Diane LeBow Shares her Thoughts on "Melanie's Song"
The President Emerita of Bay Area Travel Writers, Diane LeBow, gives her thoughts on Joanna Biggar's new novel,"Melanie's Song."
"In Melanie's Song, Joanna Biggar takes you along on an amazing ride of mystery and intriguing details, combining personal turbulence masterfully set against the reality of the politics of the '60s and '70s in the USA. Her writing, both crisp and lyrical, draws you into each scene with suspense and tempting detail. Of course, there are those earlier memories of Paris. It's quite a trip."
—Diane LeBow, President Emerita of the Bay Area Travel Writers
Diane LeBow is a Bay Area Travel Writers President emerita and award winning writer and photojournalist. Based in San Francisco, she has published stories with Salon.com, VIA Magazine, Copley News Service, Travelers Tales anthologies, France: A Love Story: Women Write about the French Experience (Seal Press, 2004), Greece: A Love Story: Women Write about the Greek Experience (Seal Press, 2007); Foreign Affairs: Erotic Travel Tales (Cleis Press); B for Savvy Brides, and many national newspapers and magazines.
She travels the globe and has spent time with Afghan women, the Hopi, Amazon people, Tuvans, Mongolians, Corsicans, and Parisians. She has scuba dived with sharks in the Red Sea and trained champion Morgan horses. A pioneer of college women’s studies programs, she received her Ph.D. from the University of California in the History of Consciousness, began her teaching career in The Netherlands, and was a college professor for many years in Paris, New York City, and California.
Set in the era of Woodstock and Watergate, Melanie’s Song centers on a young woman’s mysterious disappearance, and on her friend’s determined search for her.
Melanie, who fled her marriage to a straight-laced classical musician in order to hitch-hike to Woodstock and San Francisco, was last seen at a commune in the California hills.
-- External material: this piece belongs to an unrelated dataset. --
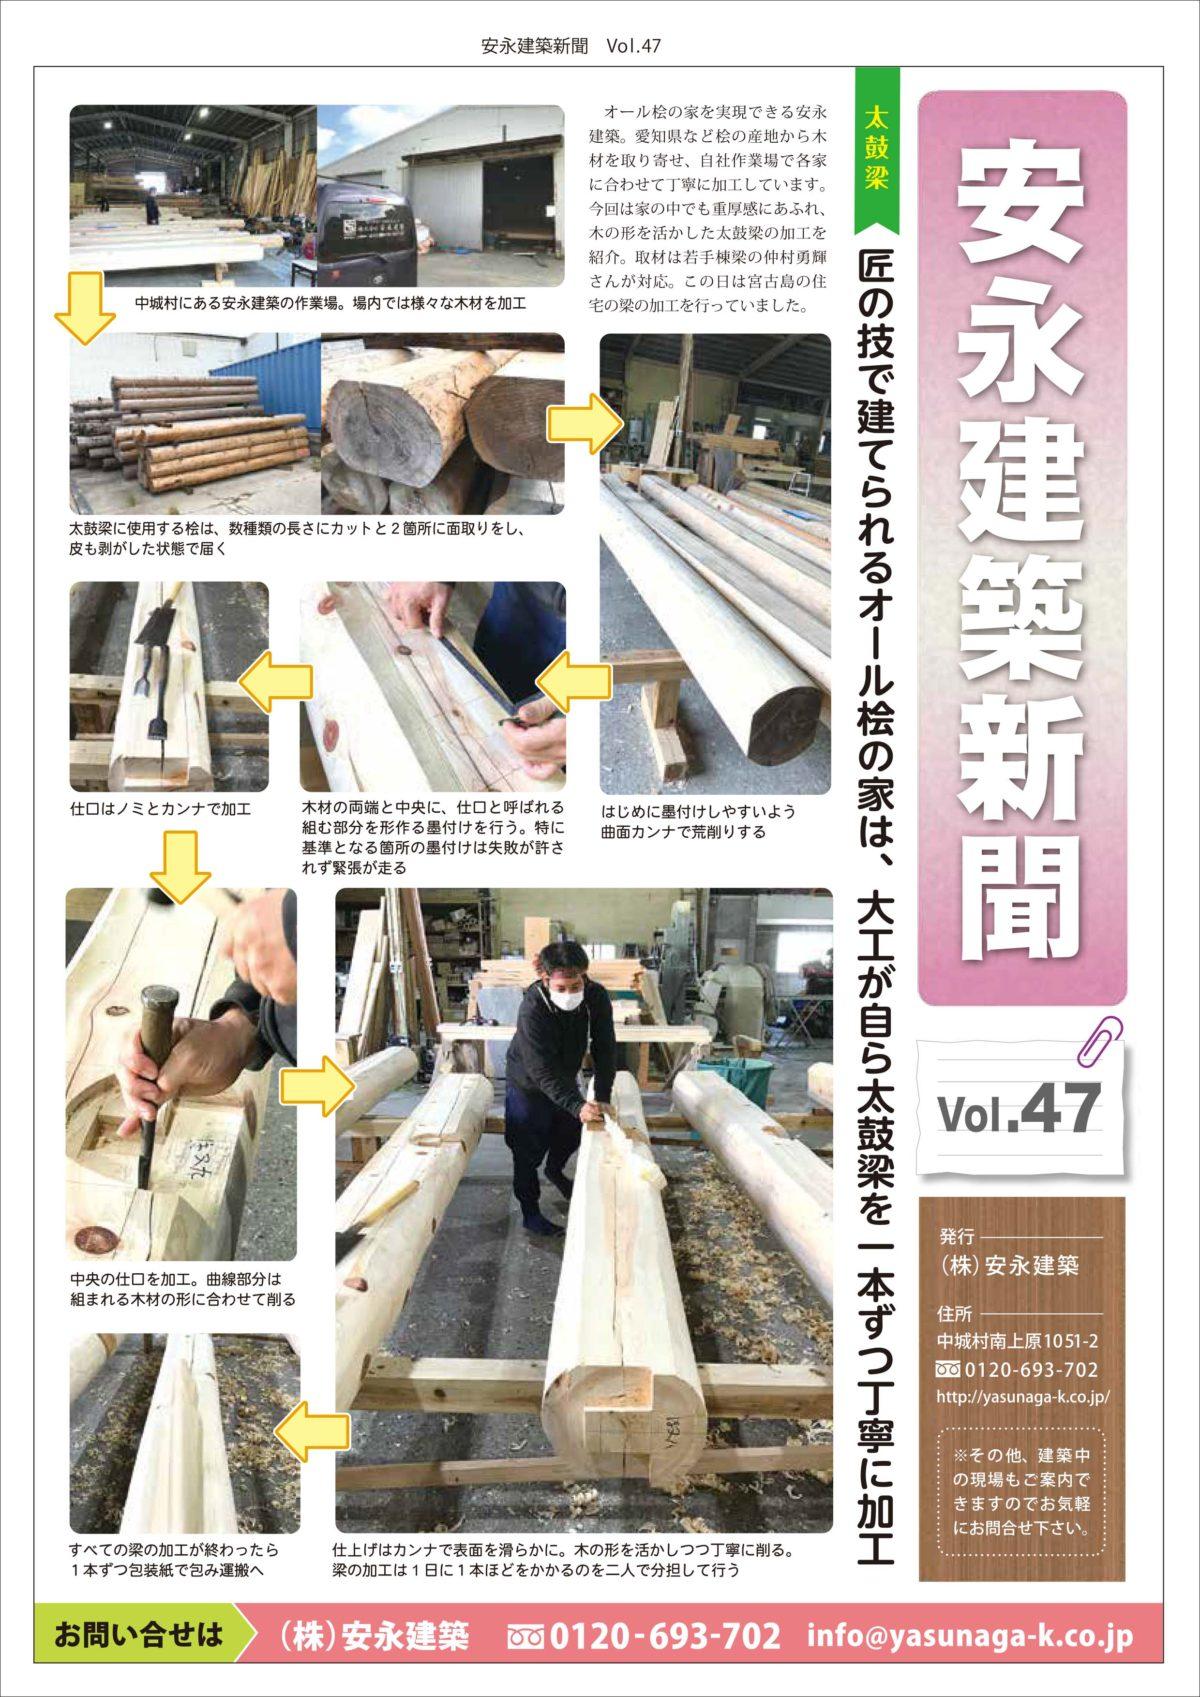 47号です! 「安永建築新聞」マンガ以外のチラシもやってます!

Rumors abound: that she took up with a Black radical; that she had his child; that she and her lover, armed, ran a bank heist a la Patty Hearst; that she developed a mystical gift for spiritual healing; that she died in a possible accidental, possibly staged commune fire.
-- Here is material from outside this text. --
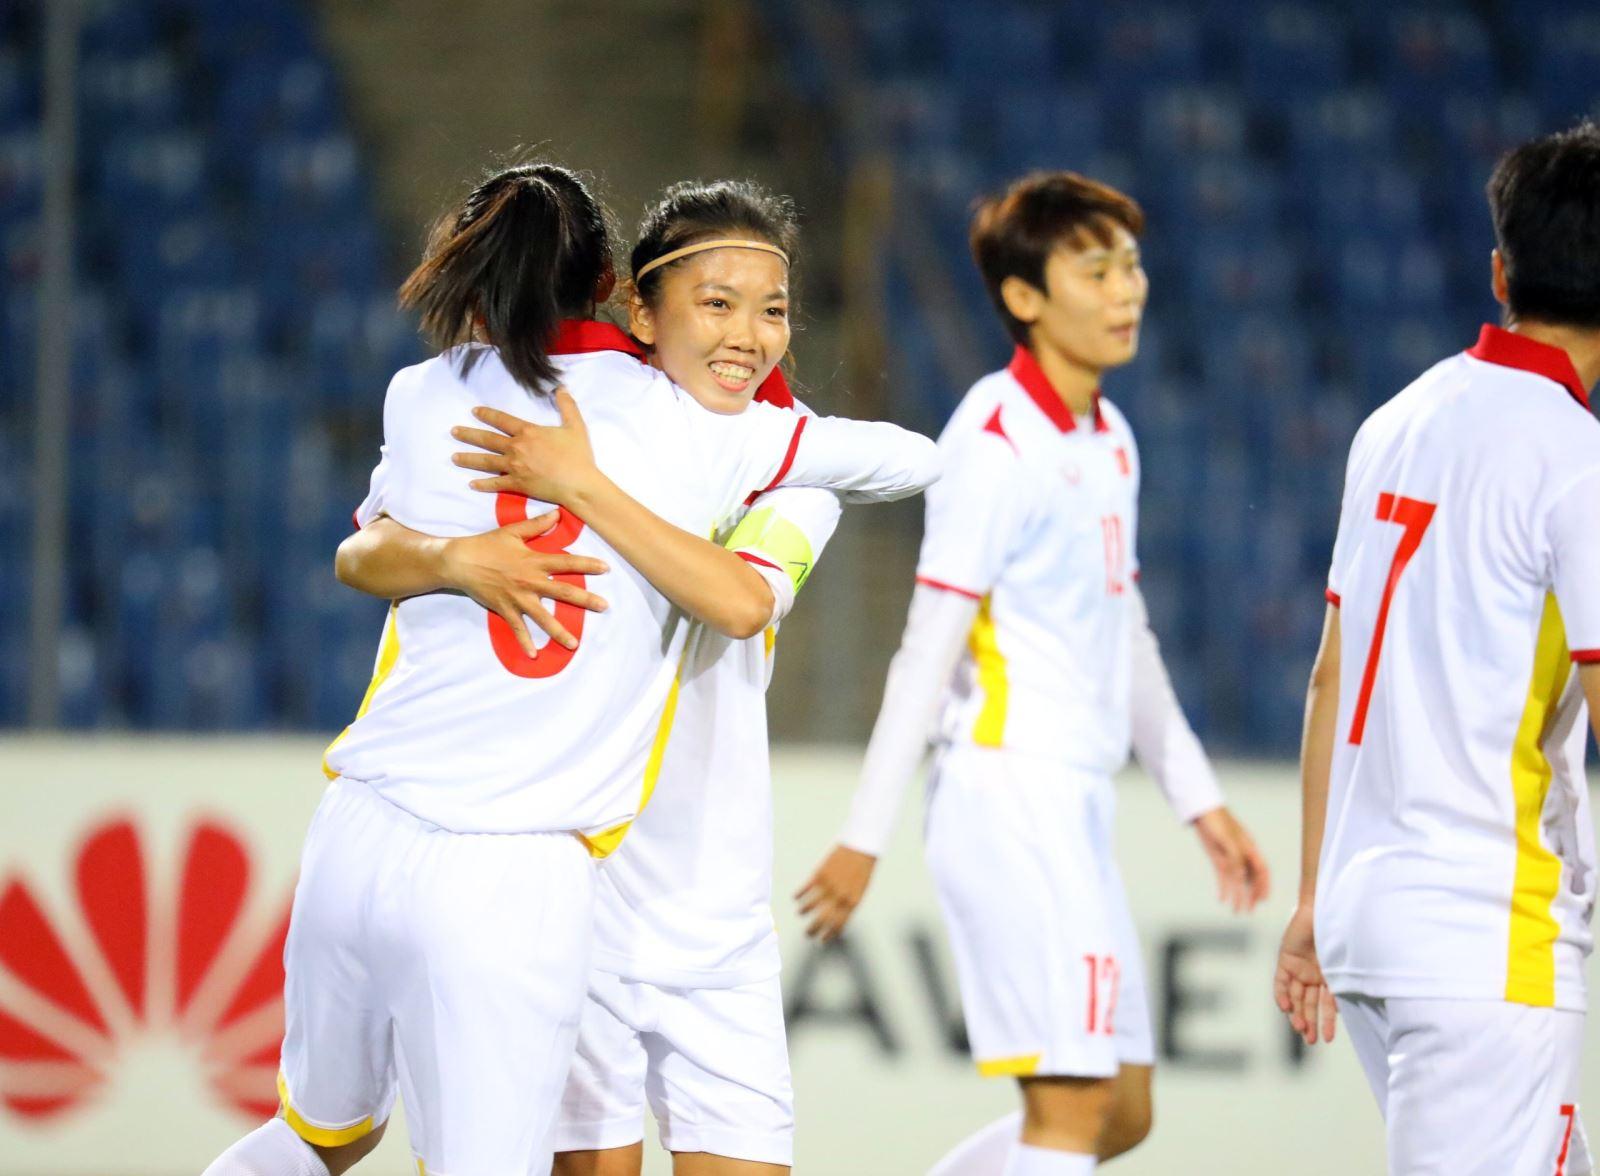 VTV6, VTV5, trực tiếp bóng đá, nữ Việt Nam vs nữ Tajikistan, trực tiếp bóng đá nữ, Việt Nam vs Tajikistan, truc tiep bong da, nữ Việt Nam, xem trực tiếp bóng đá hôm nay

Trying to sift truth from invention pulls her friend, the young reporter, J.J., into the underbelly of the sexual and social revolutions of the 60s and early 70s, where she encounters corrupt cops, paranoid hippies, activists, mystics, drug-runners,and most astonishingly, Melanie’s own parents. Risking her job, her connections, her life, J.J. follows Melanie’s trail, determined to find out what happened to her once-compliant friend now turned, it seems, into a rebel angel.